▸ AIM OF THE TASK: Where a line of the data below has the string "under", copy that line.

[Entries taken from a collection]
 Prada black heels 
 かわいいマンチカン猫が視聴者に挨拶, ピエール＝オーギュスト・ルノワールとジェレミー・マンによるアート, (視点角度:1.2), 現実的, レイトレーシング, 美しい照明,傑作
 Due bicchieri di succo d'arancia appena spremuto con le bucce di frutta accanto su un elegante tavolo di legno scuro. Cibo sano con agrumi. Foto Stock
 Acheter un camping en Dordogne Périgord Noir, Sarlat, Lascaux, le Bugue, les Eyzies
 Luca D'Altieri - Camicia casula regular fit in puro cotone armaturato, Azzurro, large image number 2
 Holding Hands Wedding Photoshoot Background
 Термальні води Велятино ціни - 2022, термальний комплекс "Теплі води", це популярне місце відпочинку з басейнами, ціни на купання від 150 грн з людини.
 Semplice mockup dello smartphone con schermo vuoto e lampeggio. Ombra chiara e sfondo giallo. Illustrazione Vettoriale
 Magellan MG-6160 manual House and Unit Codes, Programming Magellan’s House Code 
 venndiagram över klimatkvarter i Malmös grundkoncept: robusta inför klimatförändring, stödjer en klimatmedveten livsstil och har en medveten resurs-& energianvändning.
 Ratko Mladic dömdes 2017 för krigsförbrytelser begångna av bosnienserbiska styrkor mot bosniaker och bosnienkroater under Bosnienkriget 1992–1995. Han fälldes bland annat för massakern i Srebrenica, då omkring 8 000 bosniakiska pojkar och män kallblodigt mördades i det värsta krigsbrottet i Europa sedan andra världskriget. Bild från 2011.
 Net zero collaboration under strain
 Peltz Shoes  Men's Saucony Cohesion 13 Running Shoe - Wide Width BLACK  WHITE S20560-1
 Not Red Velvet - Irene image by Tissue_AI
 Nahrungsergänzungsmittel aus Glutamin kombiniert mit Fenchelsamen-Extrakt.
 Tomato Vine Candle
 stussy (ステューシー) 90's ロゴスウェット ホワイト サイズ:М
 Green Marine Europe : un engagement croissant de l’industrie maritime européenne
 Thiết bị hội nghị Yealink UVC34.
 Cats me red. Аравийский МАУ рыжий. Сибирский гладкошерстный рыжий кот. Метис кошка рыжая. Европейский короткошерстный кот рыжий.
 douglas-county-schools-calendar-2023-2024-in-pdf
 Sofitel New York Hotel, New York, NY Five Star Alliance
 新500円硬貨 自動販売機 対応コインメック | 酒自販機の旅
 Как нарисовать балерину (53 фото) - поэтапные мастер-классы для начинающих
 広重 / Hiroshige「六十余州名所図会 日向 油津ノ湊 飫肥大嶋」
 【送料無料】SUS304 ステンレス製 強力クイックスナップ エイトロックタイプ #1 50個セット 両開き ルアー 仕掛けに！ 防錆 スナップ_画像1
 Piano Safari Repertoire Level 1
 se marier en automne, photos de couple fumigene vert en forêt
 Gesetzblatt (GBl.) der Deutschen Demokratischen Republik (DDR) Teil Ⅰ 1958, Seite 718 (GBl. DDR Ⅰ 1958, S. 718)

▸ RESPONSE:
 Ratko Mladic dömdes 2017 för krigsförbrytelser begångna av bosnienserbiska styrkor mot bosniaker och bosnienkroater under Bosnienkriget 1992–1995. Han fälldes bland annat för massakern i Srebrenica, då omkring 8 000 bosniakiska pojkar och män kallblodigt mördades i det värsta krigsbrottet i Europa sedan andra världskriget. Bild från 2011.
 Net zero collaboration under strain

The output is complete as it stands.